#### [DATA SHOWN]
● ● ● ●

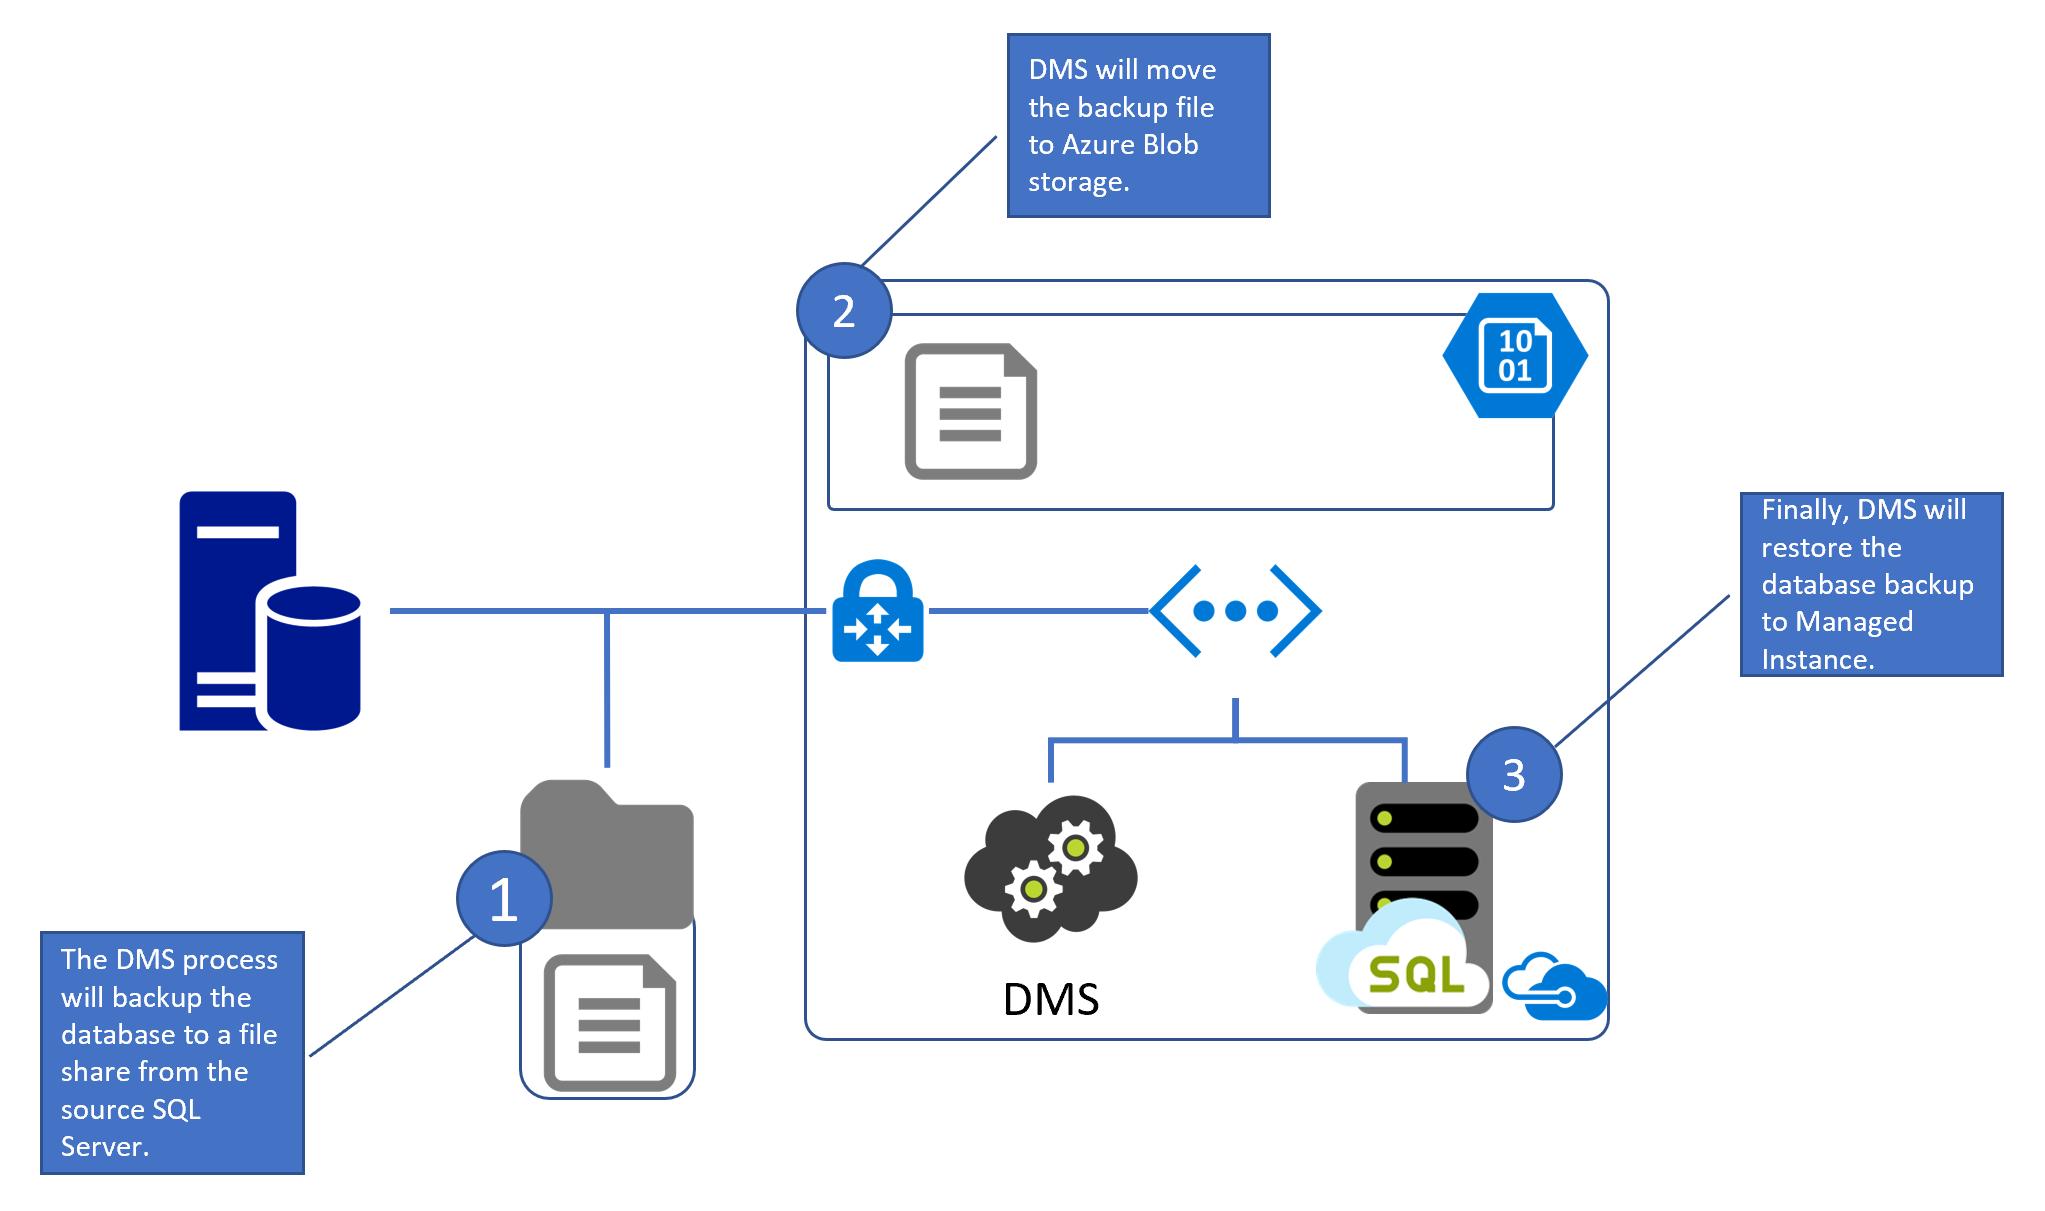 sql server 2008 database architecture diagram cloud migration guide sql server to azure  2020   cloud migration guide sql server to
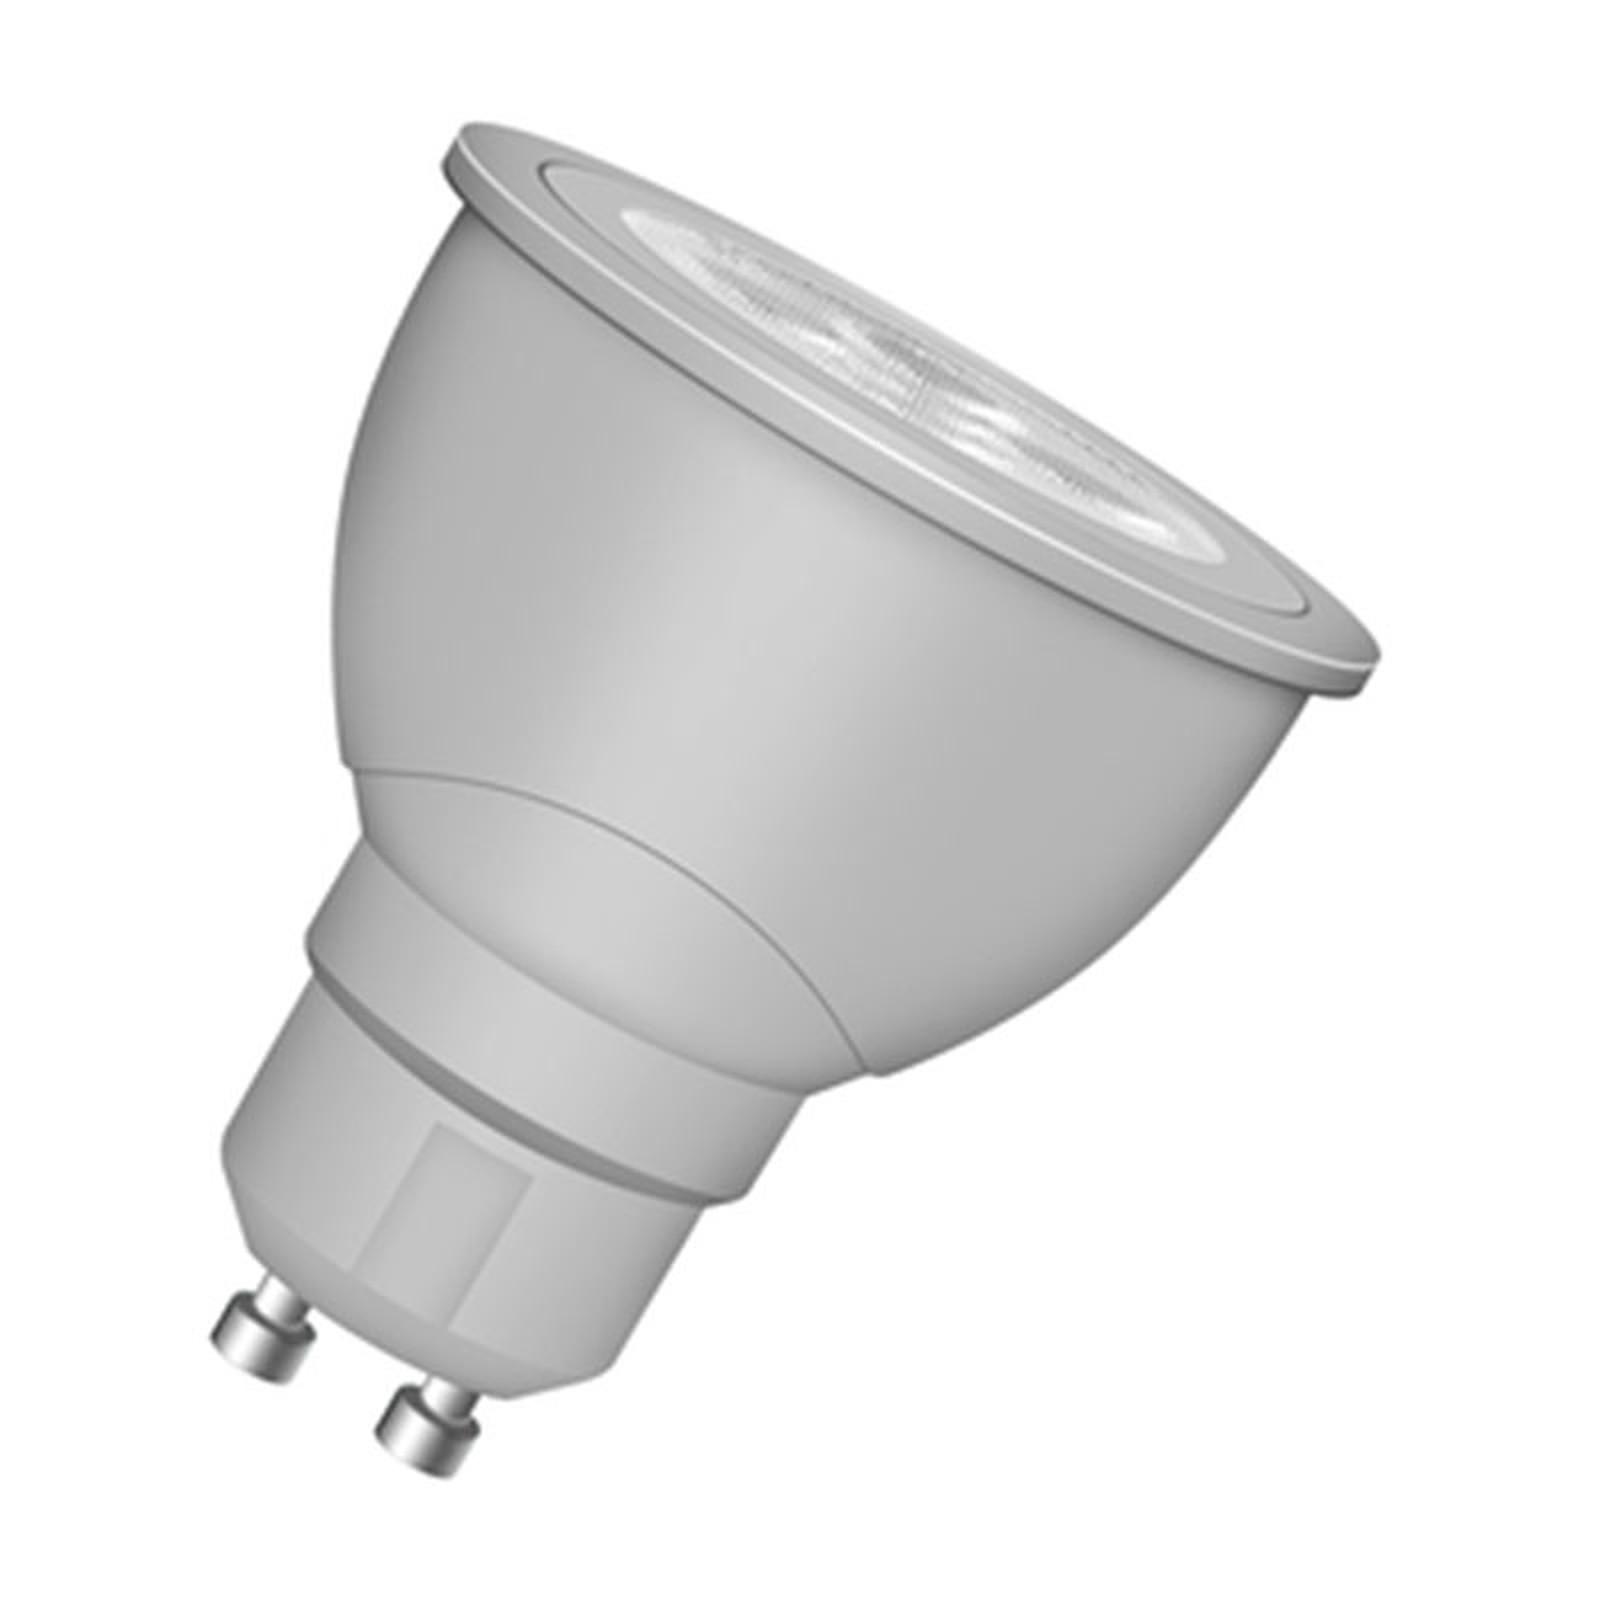 OSRAM Ampoule LED Star spot GU10 3W (35W) A+
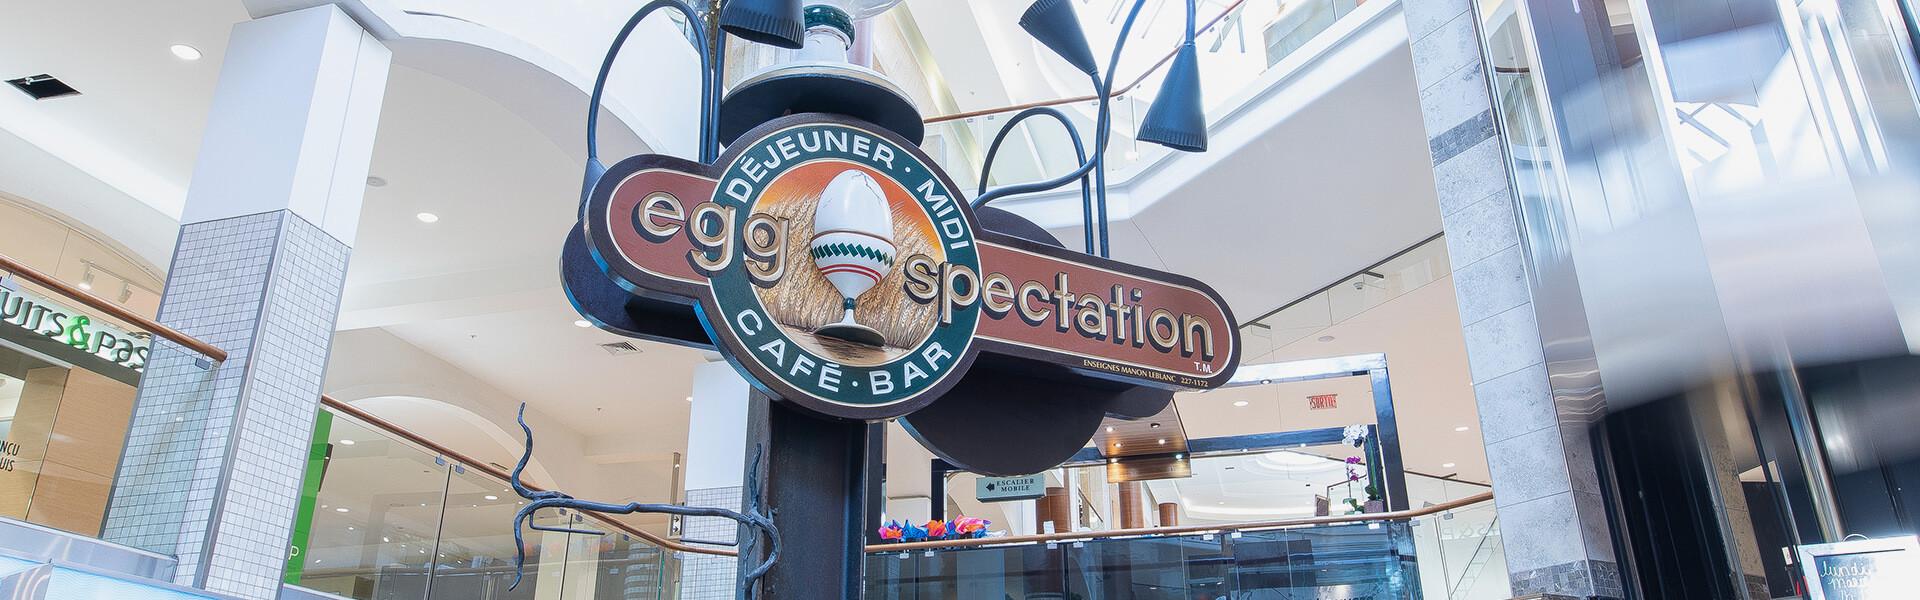 Eggspectation - Rockland

● ● ● ●

#### [PROBLEM REQUIREMENTS]
With the images omitted, repeat all the data word for word.

#### [PROBLEM SOLUTION]
 sql server 2008 database architecture diagram cloud migration guide sql server to azure  2020   cloud migration guide sql server to
 OSRAM Ampoule LED Star spot GU10 3W (35W) A+
 Eggspectation - Rockland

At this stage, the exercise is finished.